Zé da Vaca até que gostou porque a frequência do bar logo aumentou com muita gente querendo ver aquela obra de arte de Petu que, presunçoso, falava da viagem marítima entre Portugal e  Brasil, baseado  no que ouvira do filho Petrucinho, dedicado aluno de uma escola no Sobradinho. Com os detalhes na cabeça daquela empolgante viagem, ele falava de Pedro Alvares Cabral, das três caravelas, dos 500 anos da descoberta,  de Coroa Vermelha, colocando tudo aquilo em alto nível para a surpresa dos “pés de cana” . Enfim Petu era erudito e ninguém sabia. Merecia estar na Academia de Letras!

No primeiro brinde a histórica viagem, Petrúcio resistiu bravamente. Fraquejou na terceira e na quarta se entregou “em homenagem aos heróis!”. E em inflamado discurso, garantiu “se não fosse Pedro Alves Cabral e seus corajosos companheiros, não estaríamos aqui, neste momento, neste nobre estabelecimento, do nobre Zé da Vaca, brindando esta data histórica!” e sob aplausos, lágrimas abundando-lhe os olhos, arrancou a tampa de  mais uma legitima Sapupara do Ceará.

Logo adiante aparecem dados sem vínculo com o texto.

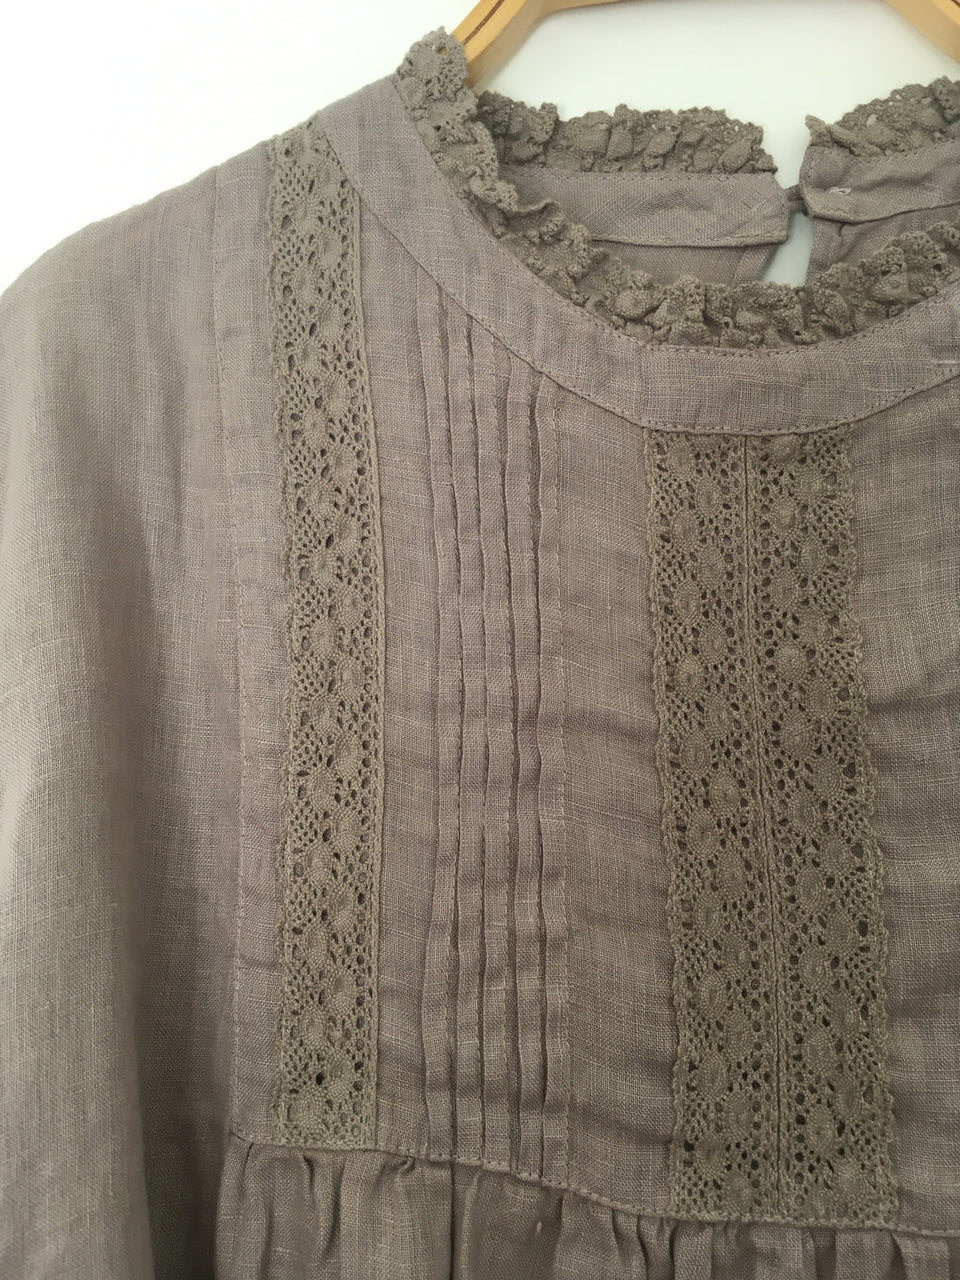 Pure linen chest pleated lace dropped shoulder elegant blouse

A “viagem” durou três dias de água duríssima e só terminou por volta das 17 horas (5 horas) de domingo porque Godinho, um recruta nessa matéria de navegação, portanto ainda não afeito “às longas viagens marítimas” e ao “balanço do mar” caiu duro, semelhante ao pão produzido na padaria de Emídio Bacamarte.

Deu ambulância (se fosse hoje seria Samu), corre-corre, pronto socorro. Passando do moreno claro para o roxo, Godinho quase batia as botas, não fosse a presteza do dr. Jair que, habilitado em Direito, meteu-lhe goela abaixo uma poção mágica, ou foi porção mesmo, porque há que diga que foi boa parte de uma Sapupara. Vomitou, suou, trocou de pernas e capotou, em estado agitado, sonhando que estava em Guaibin, vendo índios nus, que queriam sacrifica-lo, num espeto, como se ele fosse uma gorda tanajura.

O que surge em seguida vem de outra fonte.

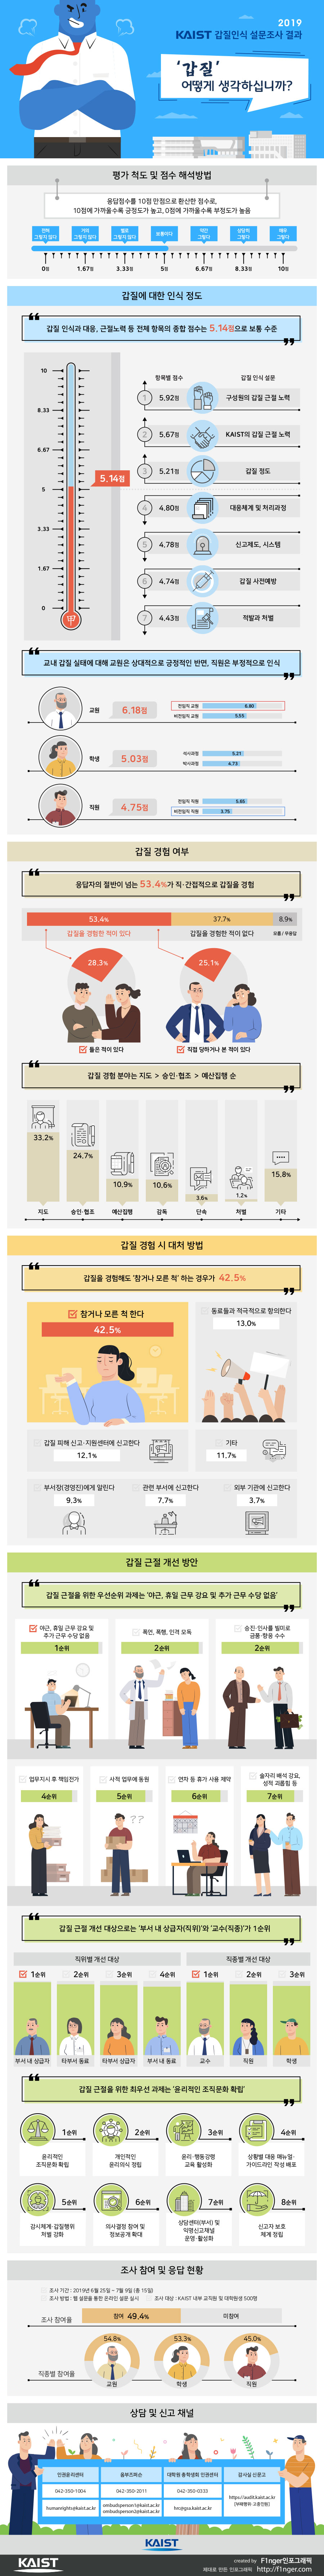 KAIST 2019 갑질인식 설문조사 결과 통계 인포그래픽_by F1nger

Encerrada prematuramente, no terceiro dia, essa “histórica viagem” (Brasil/Portugal) na bodega de Zé da Vaca, a caravela foi recolhida e logo transformada em brinquedo da molecada do bairro, ao tempo em que, reconhecendo que o melhor mesmo seria voltar a ser “bistêmio”, foi o que fez Petu, arrastando com ele velhos e novos tripulantes. “Esse negócio de viajar em alto mar à base de Sapupara não dá. Bom mesmo é o “quisuque”, sentenciou convencido Petu, para a incontida alegria de dona Clara, que há muito tempo esperava esse tipo de declaração e que só veio depois da longa viagem na caravela!